Rheumatoid ^arthritis, antigen detection methods for diagnosis.

[Claim 5]

 The method of claim 1,

 Detecting an autoantigen of rheumatoid arthritis from a biological sample; And

 Detecting citlinated antigen in the autoantigenosis,

 Antigen Detection Method for Diagnosing Rheumatoid Arthritis.

[Claim 6]

 According to claim 5,

 (1) reacting the biological sample with a first antibody capable of binding to the autoantigen of rheumatoid arthritis to form an antigen-antibody complex between the first antibody and the autoantigen of rheumatoid arthritis present in the sample; And

 (2) processing the second antibody that specifically binds the citlinated protein to detect the citrinated antigen,

 Antigen Detection Method for Diagnosing Rheumatoid Arthritis.

[Claim 7]

 The method of claim 6, wherein the autoantigen of rheumatoid arthritis in step (1) is at least one member selected from the group consisting of filaggrin, fibrin, fibrinogen, bimentin, collagen and alpha-enolase,

 Antigen Detection Method for Diagnosing Rheumatoid Arthritis.

[Claim 8]

 The method according to claim 16, wherein the first antibody in step (1) is a monoclonal antibody or a polyclonal antibody,

 Antigen Detection Method for Diagnosing Rheumatoid Arthritis.
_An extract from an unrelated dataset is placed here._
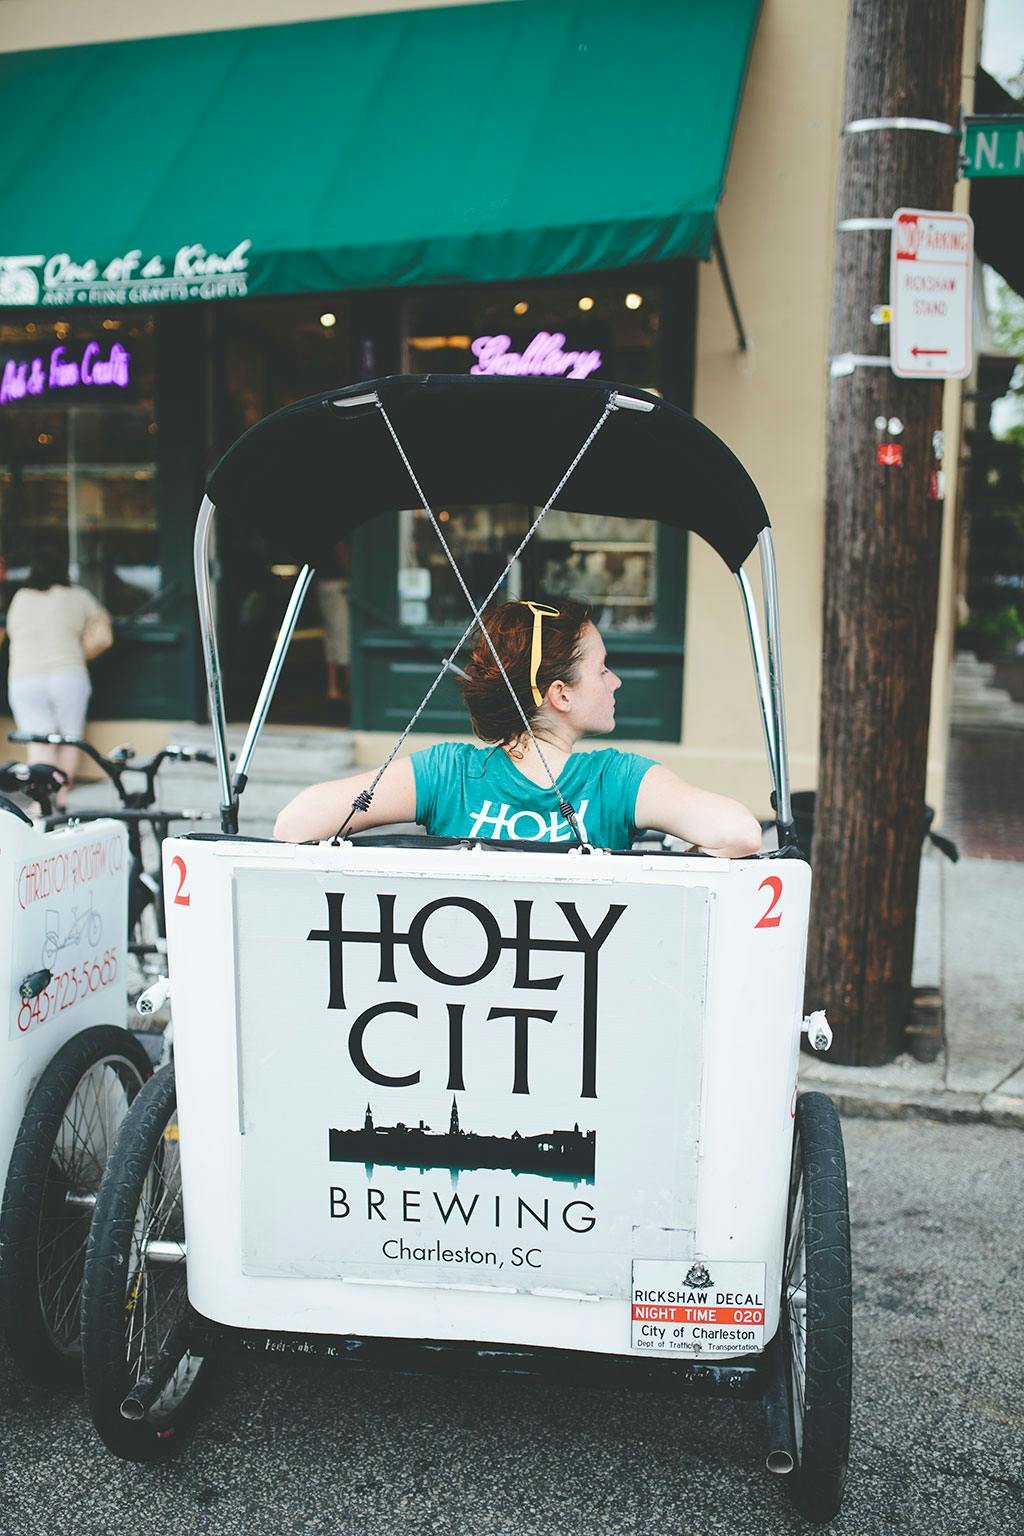 Holy City brewing cab

[Claim 9] The method according to claim 16, wherein the first antibody in step (1) is two or more antibodies that recognize the rheumatoid arthritis autoantigen in a single or multiple combinations,

 Antigen Detection Method for Diagnosing Rheumatoid Arthritis.

[Claim 10]

 The method of claim 6, wherein in the step (1), the biological sample is tissue, cell, whole blood, plasma, serum, blood, saliva, synovial fluid, urine, sputum, lymph, or intercellular fluid. .

[Claim 11]

 According to claim 6, wherein the second antibody that specifically binds to citlinylated protein in step (2) is a heavy chain variable region having an amino acid sequence of SEQ ID NO: 3 and a light chain variable region having an amino acid sequence of SEQ ID NO: 4 Monoclonal antibody or antigen-binding fragment thereof comprising:

 Antigen Detection Method for Diagnosing Rheumatoid Arthritis.

[Claim 12]

 The method according to claim 11, wherein the monoclonal antibody is produced by a hybridoma with accession number KCLRF-BP-00276,

 Antigen Detection Method for Diagnosing Rheumatoid Arthritis.

[Claim 13]

 The method according to claim 6, wherein the detection of citlinated antigen in step (2) is performed by measuring the degree of antigen-antibody complex formation between citlinated antigen and the second antibody.

 Antigen Detection Method for Diagnosing Rheumatoid Arthritis.

[Claim 14]

The method of claim 13, wherein the antigen-antibody complex formation is measured by enzymes, fluorescent materials, ligands, luminescent materials, microparticles, redox molecules or The radioisotope is labeled and the degree of color development is measured by treating a secondary antibody capable of binding to a second antibody,

 Antigen Detection Method for Diagnosing Rheumatoid Arthritis.

[Claim 15]

 A kit for diagnosing rheumatoid arthritis, comprising a monoclonal antibody or antigen-binding fragment thereof that specifically binds citlinylated protein.

[Claim 16]

 The kit for diagnosing rheumatoid arthritis according to claim 15, wherein the monoclonal antibody is a monoclonal antibody comprising a light chain variable region having an amino acid sequence of SEQ ID NO: 4 and a light chain variable region having an amino acid sequence of SEQ ID NO: 3.

[Claim 17]

 The kit for diagnosing rheumatoid arthritis according to claim 15, wherein the monoclonal antibody is produced by hybridoma having accession number KCLRF-BP-00276.

[Claim 18]

 The kit for diagnosing rheumatoid arthritis according to claim 15, further comprising a monoclonal antibody or a polyclonal antibody capable of binding to the autoantigen of rheumatoid arthritis.

[Claim 19]

16. The method for diagnosing rheumatoid arthritis according to claim 15, further comprising at least one member selected from the group consisting of a support, a carrier, a label capable of generating a detectable signal, a complete solution, a reaction stopper, a dissolution system, a washing solution, and a stabilizer. Kit. [Claim 20] The kit of claim 15, wherein the kit is immunochromatographic strip rheumatoid arthritis.